Press the yellow button and the 200-tonne train starts to roll. It drives itself, double-checking its position along the way and keeping to the correct speed for each stretch of track. At the next station it slows itself, then comes smoothly to a stop.
It really is that easy.
The Toronto Transit Commission is in the midst of a transformational shift to automatic train operation, a $563-million project that promises greater safety, improved efficiency and increased passenger capacity. When it starts to roll out this fall, the system – which will still include on-board staff in case of emergencies – will allow the agency to run many more trains per hour.
The new system is “like autopilot on an aircraft,” said project manager Pete Tomlin, a veteran of similar signal upgrade jobs in London and Hong Kong.
In the best-case scenario, TTC staff say, they could run about 32 trains per hour when the system is fully operational. That remains an ambitious goal – and will depend on time spent in stations, crew changes and turnaround times at the ends of the line – but one that would represent a huge increase over the current maximum of about 25.
Getting to that future is a mammoth task, made more difficult by the fact that the work has to be done around the demands of the country’s busiest subway line. Finishing the first phase of the new system – the stretch from Dupont to Yorkdale stations that is being done now – requires 262 beacons, 23 signals, 78 kilometres of cable and 3,150 splices. And all of it has to be installed when the subway is closed.
Getting it installed and dialled in perfectly is a long process – and the reason for the ongoing series of weekend subway shutdowns on the Yonge-University-Spadina (YUS) line. During one of these shutdowns earlier this spring, The Globe and Mail got a rare chance to go behind the scenes to see the operation.
Expected completion dates of signal upgrades, by phase
Once past the doors of the shuttered section of subway, it was a beehive of activity. With all they needed to keep working underground for hours – there was even a small espresso machine – the crews deployed technology ranging from lowly strips of duct tape to highly sophisticated computing power.

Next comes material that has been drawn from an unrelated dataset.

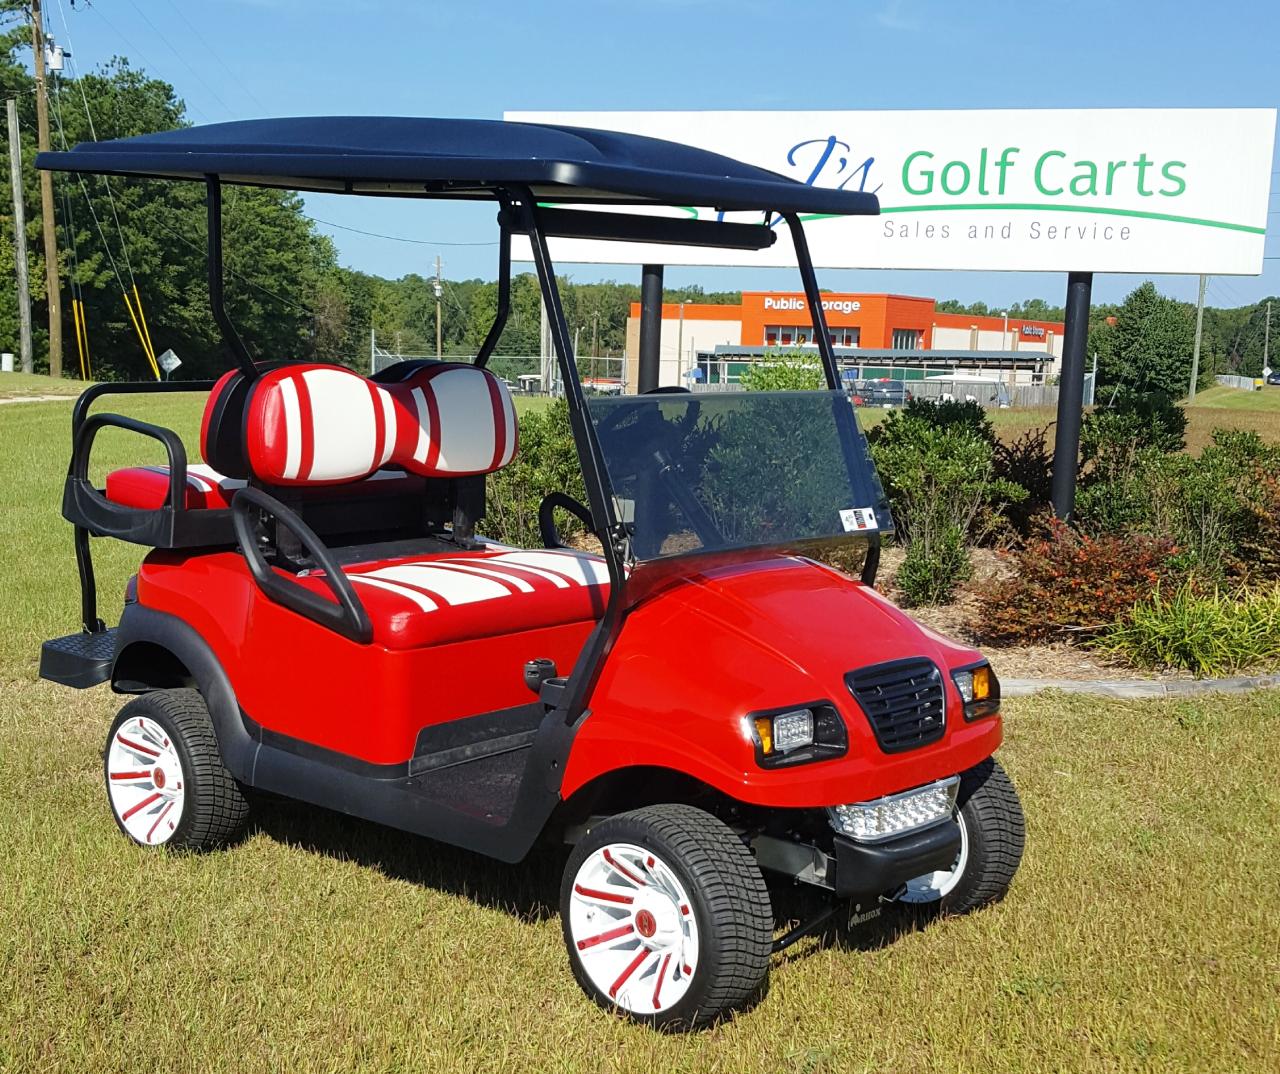 Used Golf Carts for Sale by Owner in Madison, Mississippi: Your Ride to Adventure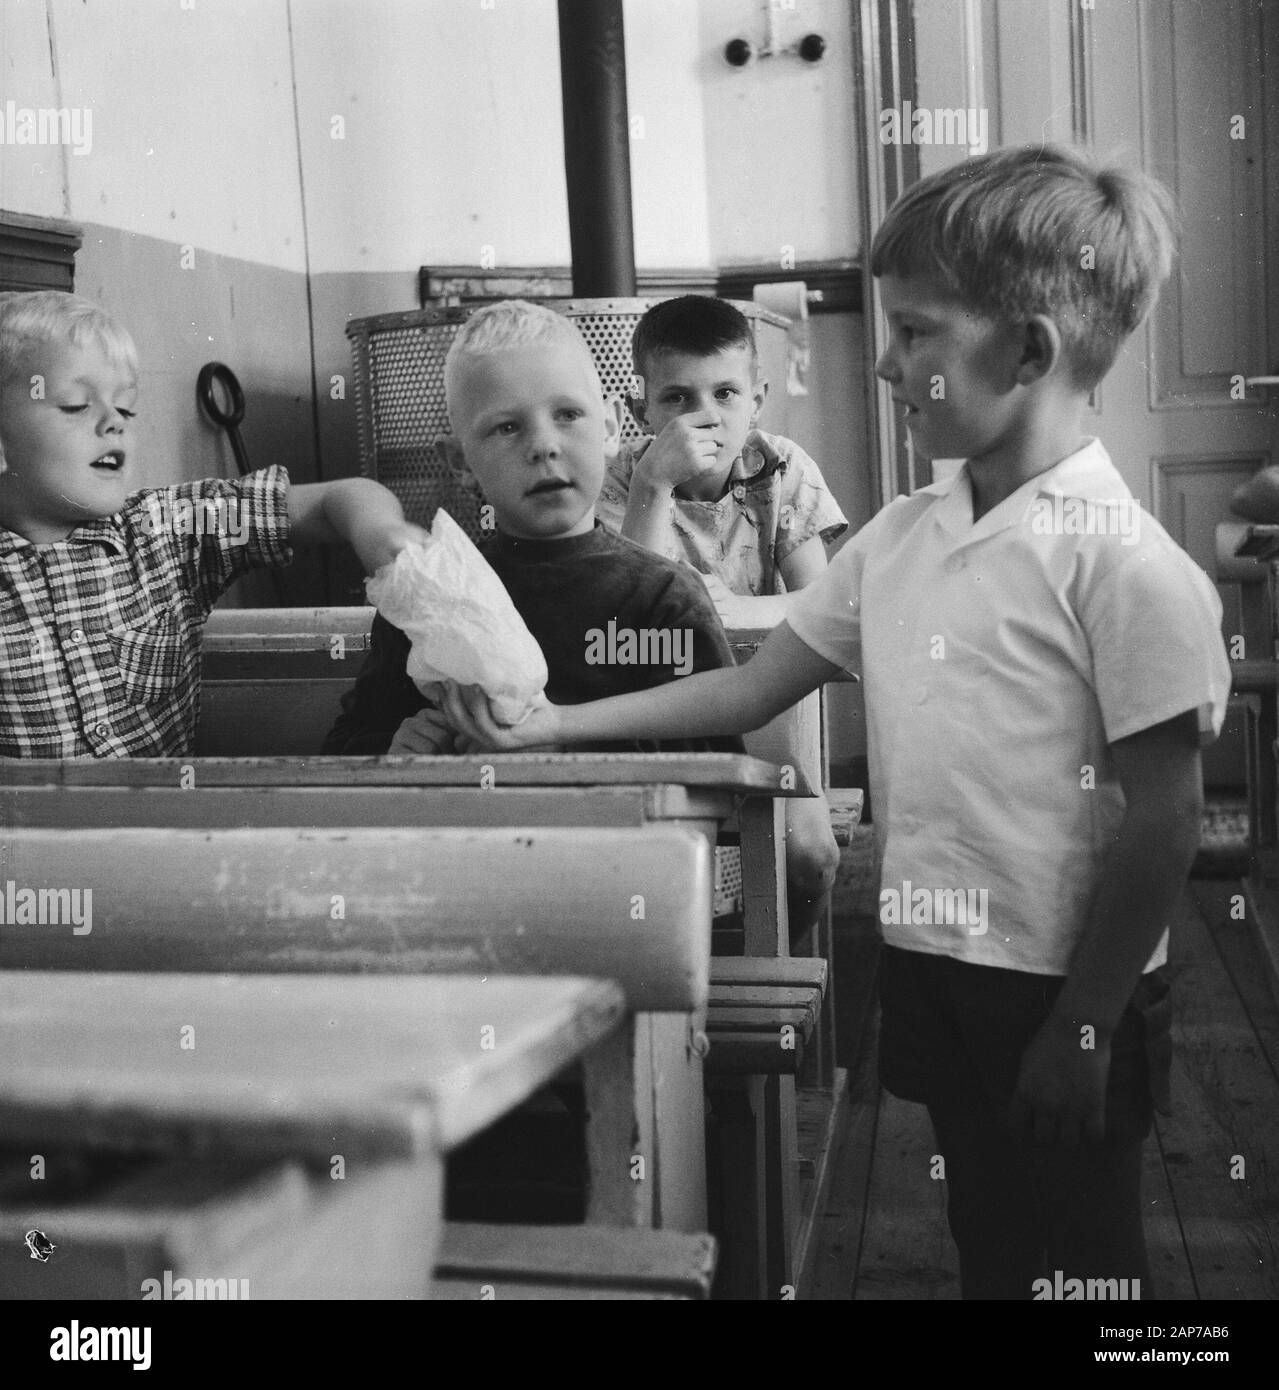 The first big school day, Tjalling to treat Date: August 22, 1960 Keywords: primary education, pupils, schools Stock Photo

By the time the system rolls out, the trains will look – to riders at least – like the current set-up. All of the minutiae will be fine-tuned before any paying customers get on board.
The TTC’s current signalling system is called fixed-block. It divides the tunnel into sections and requires that each train keep at least one full section of tunnel between it and the next train. That large buffer keeps trains well apart, which reduces the number that can be put through the tunnel.
FIXED BLOCK SIGNALLING
In a fixed block system, the track is divided into “blocks.” The status of these blocks is shown along the track using signals similar to traffic lights
How it works
1 Green means the block ahead is not occupied and the operator may proceed
2 Red means the block ahead is occupied. The axle needs to be in the block for the entire block to be considered occupied. Trainstop a stops a train by raising a trip arm if it fails to stop at a red signal
3 This system cannot determine the exact location of a train within a block, so additional blocks must be used as a buffer zone to ensure safe distance between trains
4 The following train must proceed slowly or stop until the two or more blocks ahead becomes clear, leading to large gaps between trains and slow service
The new system is called communications-based train control (CBTC) and establishes a variable buffer around each train – longer at high speed, shorter when moving slowly. When a train is motionless, the one behind will creep up to within 70 metres. But when moving at regular speed, they will keep a preordained 397 metres apart.
This variability lets them run more closely together while still keeping the requisite distance for safety. It is this new system that allows automatic train operation.
COMMUNICATIONS-BASED TRAIN CONTROL (CBTC)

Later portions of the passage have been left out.